### Problem requirements
When you reach the line that holds "Flasche Chateau Mouton", start copying exactly and keep going through the final line of the data, leaving out pictures.

### Data section

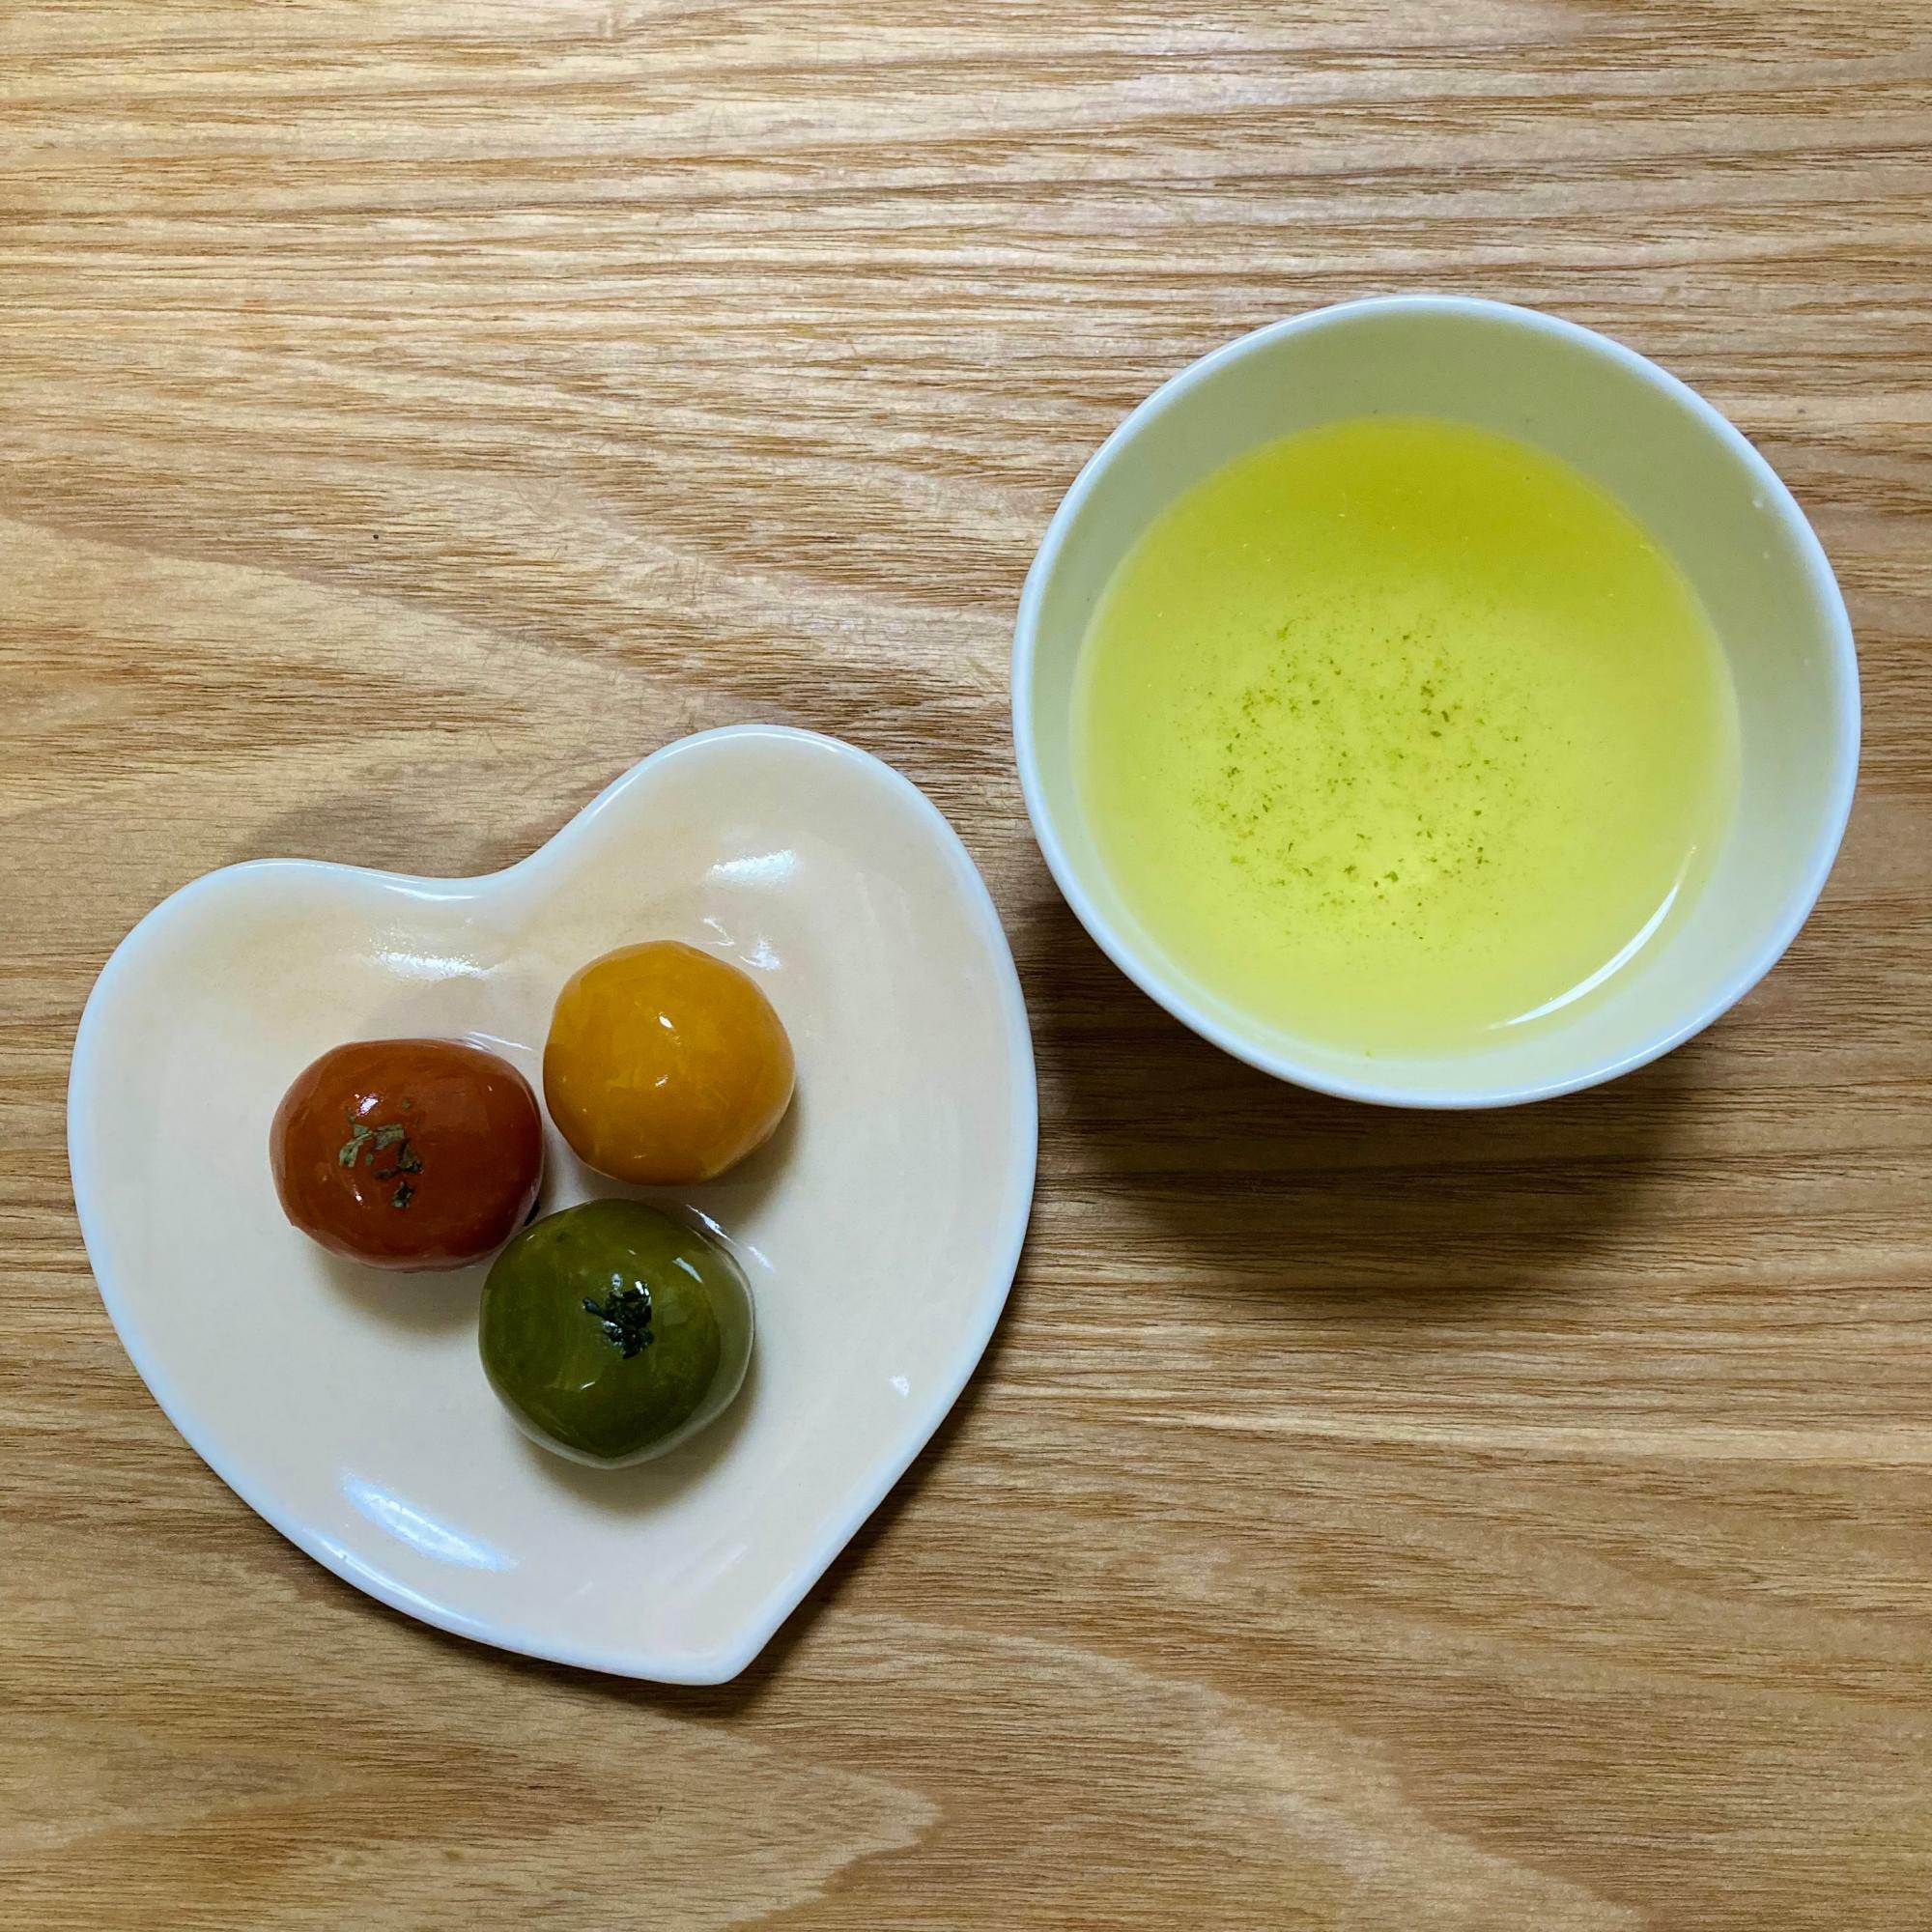 お茶の色は宇治茶の特徴でもある済んだ黄色。お菓子はJR京都伊勢丹で購入した亀屋良長の「旬の烏羽玉」。左がトマト、右があんず、手前が煎茶でお茶によく合います。
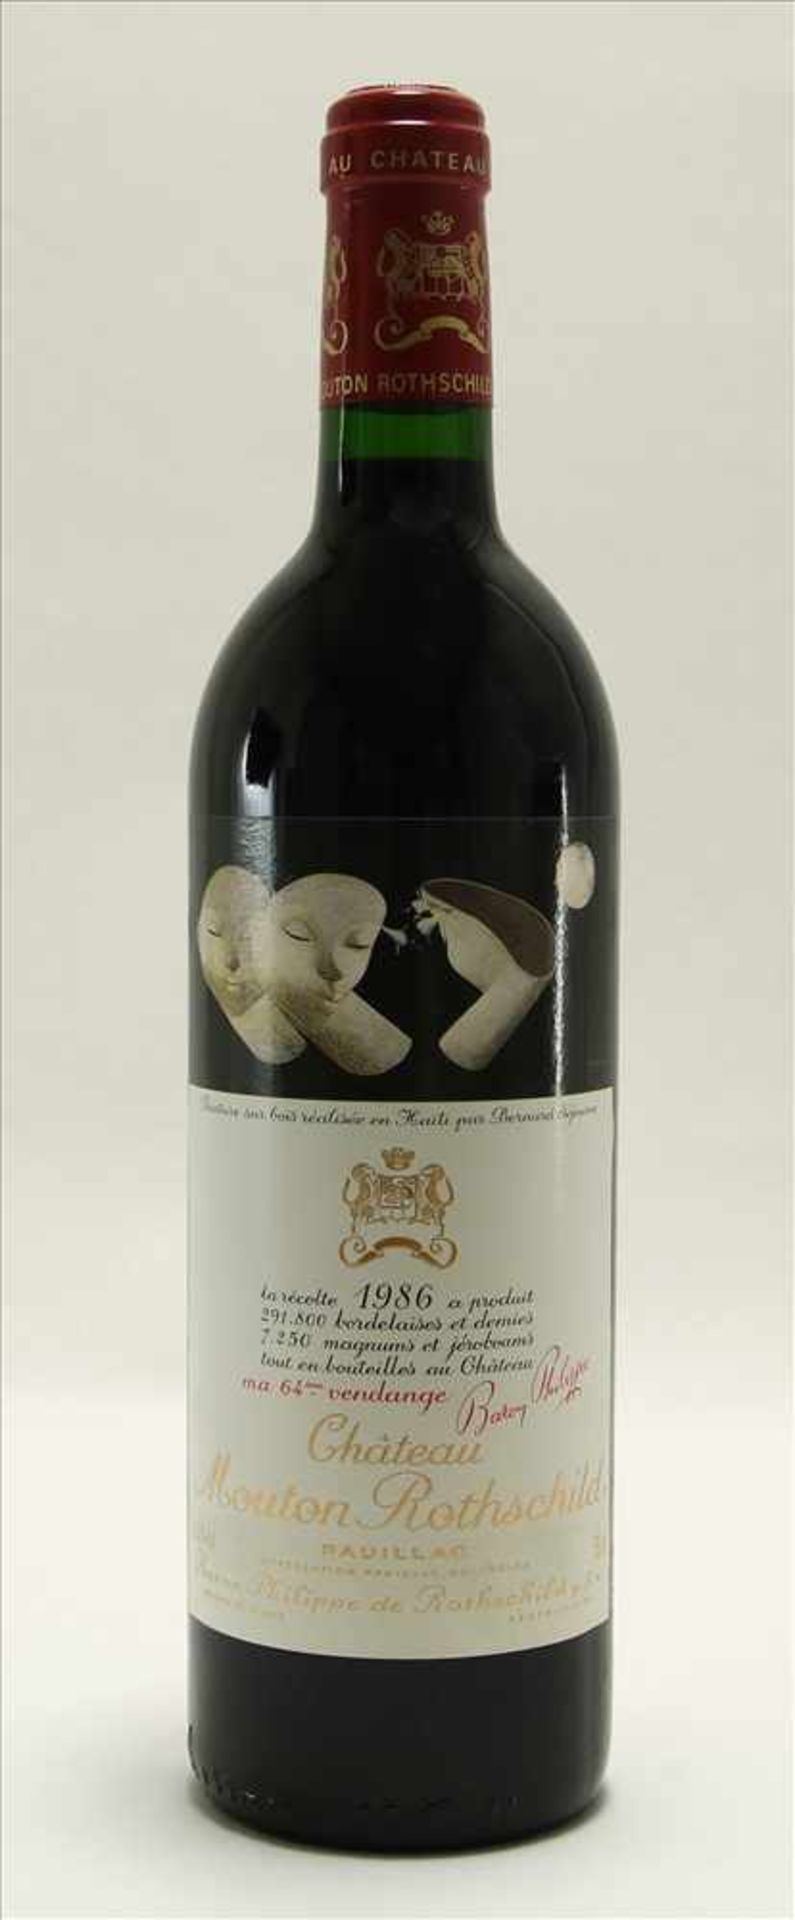 Flasche Chateau Mouton Rothschild 1986Pauillac, 0,75 Liter mit dem originalen Etikett von Bernard
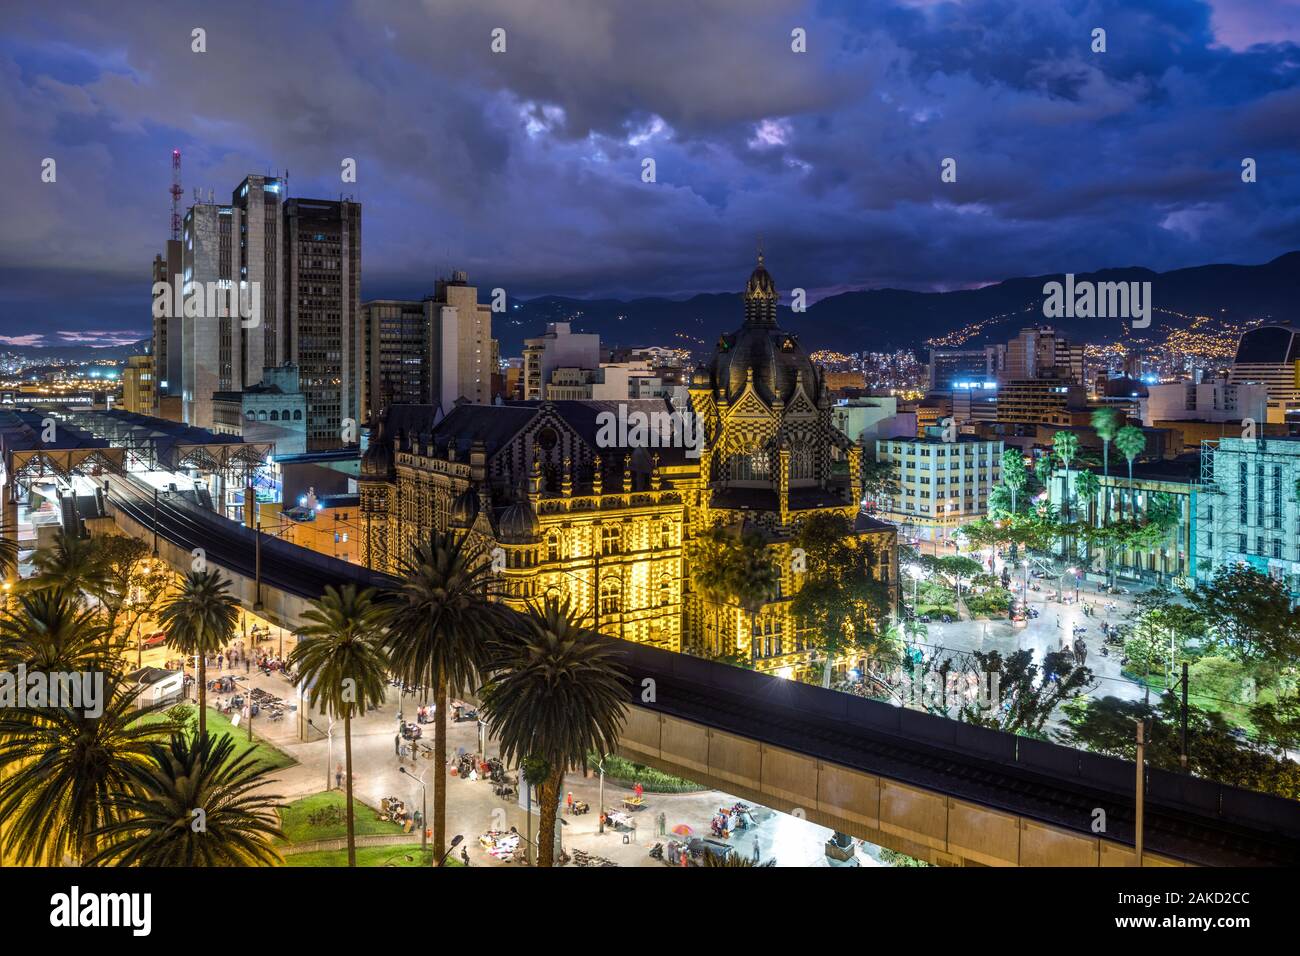 La place Botero Plaza au crépuscule à Medellin, Colombie. Banque D'Images

### Response area
 Flasche Chateau Mouton Rothschild 1986Pauillac, 0,75 Liter mit dem originalen Etikett von Bernard
 La place Botero Plaza au crépuscule à Medellin, Colombie. Banque D'Images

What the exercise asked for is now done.